Martedì 22, 9:46 Ogni volta che devo partire la mia mente passa ossessivamente in rassegna tutte le cose che possono andare storte ancora prima di partire. La mia sveglia non suona e perdo il taxi alla mattina. Il treno è in ritardo e perdo la coincidenza. Arrivato alla stazione, il controllore mi fa notare che la mia prenotazione è per il 22 aprile 2009… questa volta però nulla di questo è successo. Sono sul treno finalmente. Poche persone per fortuna, ma una compagna di viaggio, Diana, una ragazzina spagnola sovraeccitata e logorroica, ma che mi ricorderà che ogni tanto tenere contatti con altri esseri umani è indispensabile.
Dietro alla mia carrozza vi è una carrozza panoramica, sopraelevata e il cui tetto è trasparente. Sono in testa al treno e un paio di carrozze di fronte a me riesco a vedere la locomotrice districarsi come un verme nelle non so per quale motivo curvilinee linee del più-che-piatto Ontario. Dalla mia postazione è possibile fare qualcosa che normalmente è vietato fare su qualsiasi treno: guardare avanti. Sembra quasi di essere il conducente del treno. Ho preso possesso di un tavolino e ne ho fatto il mio ufficio.
Lo speaker nell’interfono annuncia con una voce stridula che durante il viaggio renderà puntualmente conto delle meraviglie da osservare, a cominciare dalla prima, dietro la curva.
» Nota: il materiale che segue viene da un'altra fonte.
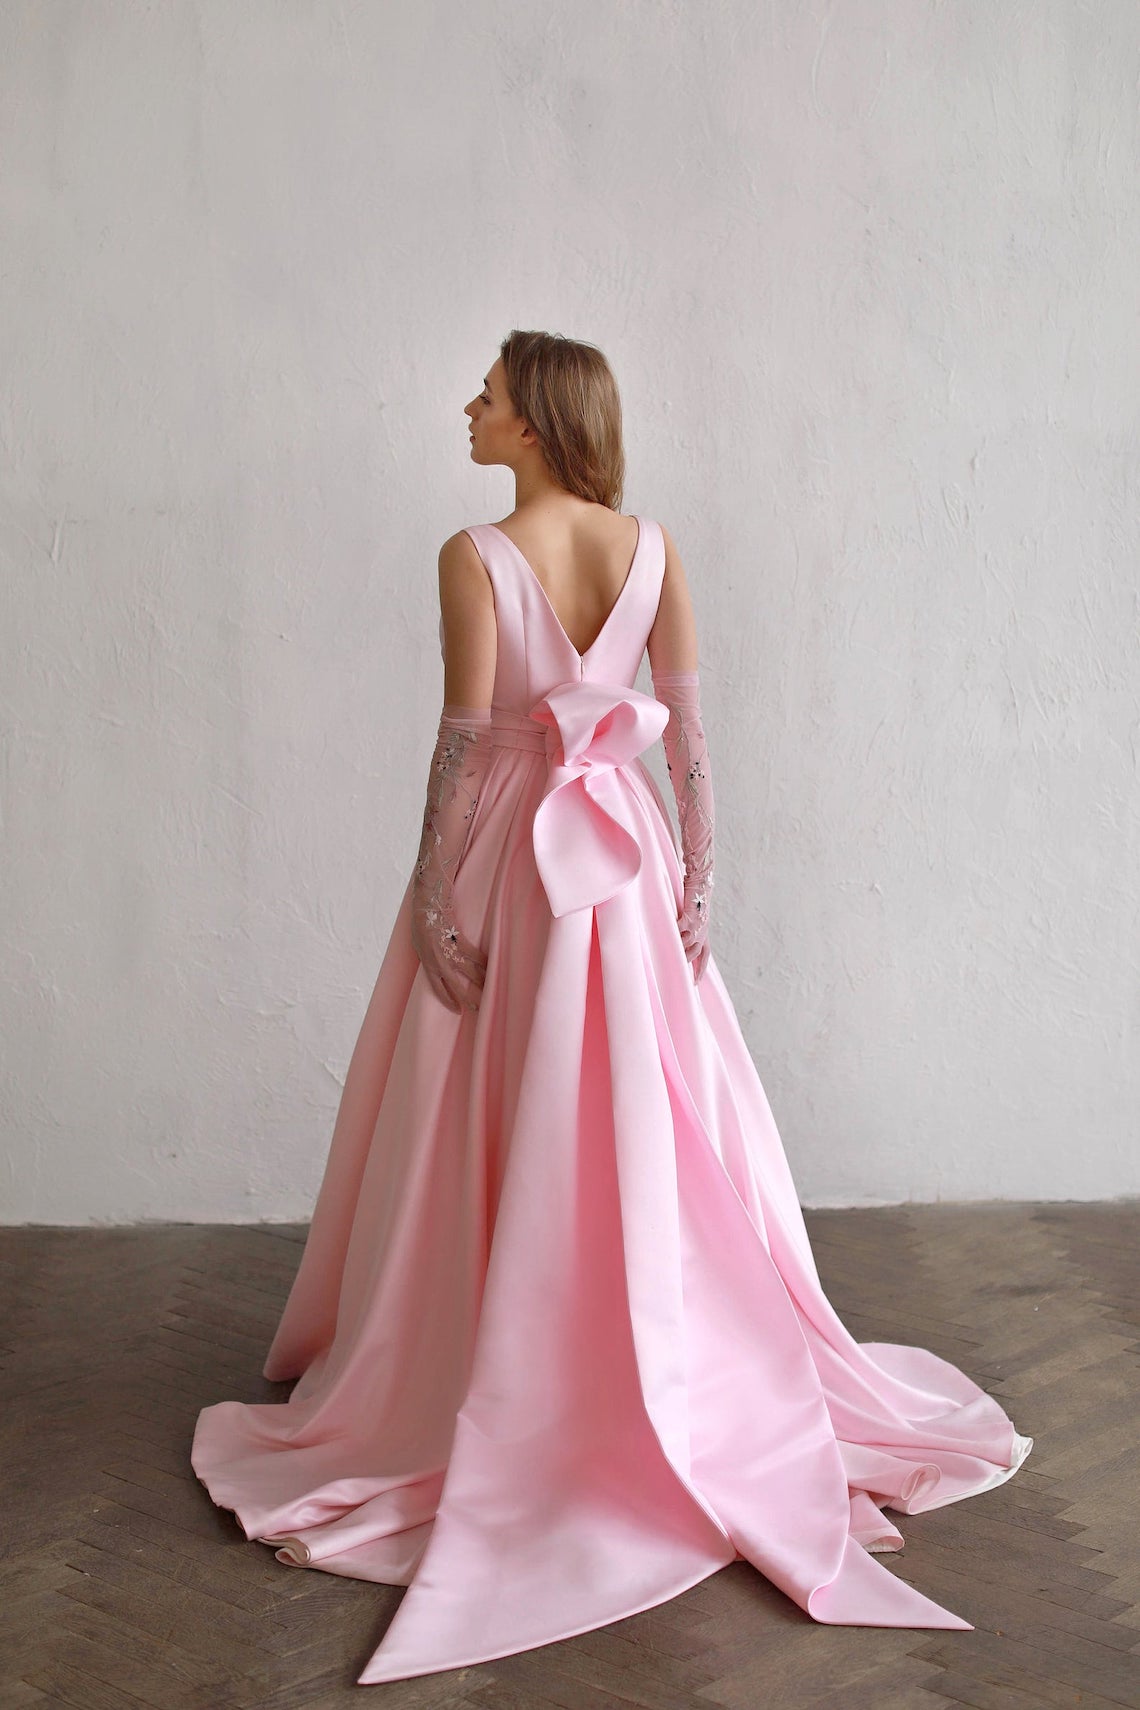 Cathy Telle Pink Back Bow Wedding Dress Best Pink Wedding Dresses for 2021 2022 Brides Bridal Musings 1 - 30 chiếc áo dài cưới màu hồng dành cho cô dâu yêu thích sắc màu

Ladies and Gentlemen, prestate attenzione a quell’uomo che da vent’anni tutte le volte che passa questo treno esce di casa a salutare i passeggeri. Eccolo, ladies and gentlemen, salutatelo anche voi…. Nel frattempo usciamo lentamente dall’area urbana di Toronto, dove la classe media canadese vive in villettine monofamiliari, color mattone, garage sul fronte della casa, auto parcheggiata nel vialetto, e barbeque pronto in vista… ancora 45000 km all’arrivo. Nelle cuffie: Jeff Buckley – Last Goodbye

Toronto-Vancouver Episode 1


Martedì 22, 5:26 di mattina. Aspettando il taxi che mi porti in stazione. La mia preparazione per questo viaggio è stata quantomeno precaria. Di tutte le cose che mi ero ripromesso di portare, alla fine ho solo la confezione familia di M&Ms, e delle salviette umidificate per mantenere una parvenza di igiene. Ma ho un biglietto del treno. Alcuni buoni libri che avevo tenuto da parte. Una confezione familia di M&Ms, appunto. E una cartina con il tragitto in scala 1 su 1 miliardo. Dalla partenza all’arrivo sono 4500 km, 4 fusi orari, una serie di praterie immense, petrolio, poi finalmente le montagne rocciose, e infine Vancouver e il mare.
Mi sono autoconvinto in questi mesi che l’unico modo per capire questo pease e la sua unicità è toccando con mano le distanza che lo contraddistinguono. E il vero viaggio che ha formato l’identità di questo paese è stato quello da est a ovest, così come lo percorsero i pionieri. Non ho spirito di emulazione, solo curiosità e voglia di essere sorpreso. Let’s the travel begin.

martedì, aprile 01, 2008

Il ritorno della pioggia

Ho scritto poco su questo blog in questi mesi, e la maggior parte dei post erano dedicati al meteo. Questo è l’ultimo, prometto (forse). Perché stamattina ho rivisto l’erba. Non me n’ero accorto. Non sembrava nemmeno lei. Coperta in un mare di fango. Comunque non era neve. E sono sicuro che nei prossimi giorni ne rivedrò ancora qualche esemplare. Non mi ricordavo che sembianza avesse, così come non mi ricordavo il rumore e la sensazione di una mattinata di pioggia. La pioggia è un lusso che non ci si può permettere sotto zero.
All’improvviso stamattina le temperature sono schizzate fino a dieci gradi. Sopra lo zero. Forse è un pesce d’aprile. Le previsioni dicono che torneremo a -7 nei prossimi giorni. Ma l’inverno a chiaramente dato un segnale: si arrende. Ho vinto. Ho vinto.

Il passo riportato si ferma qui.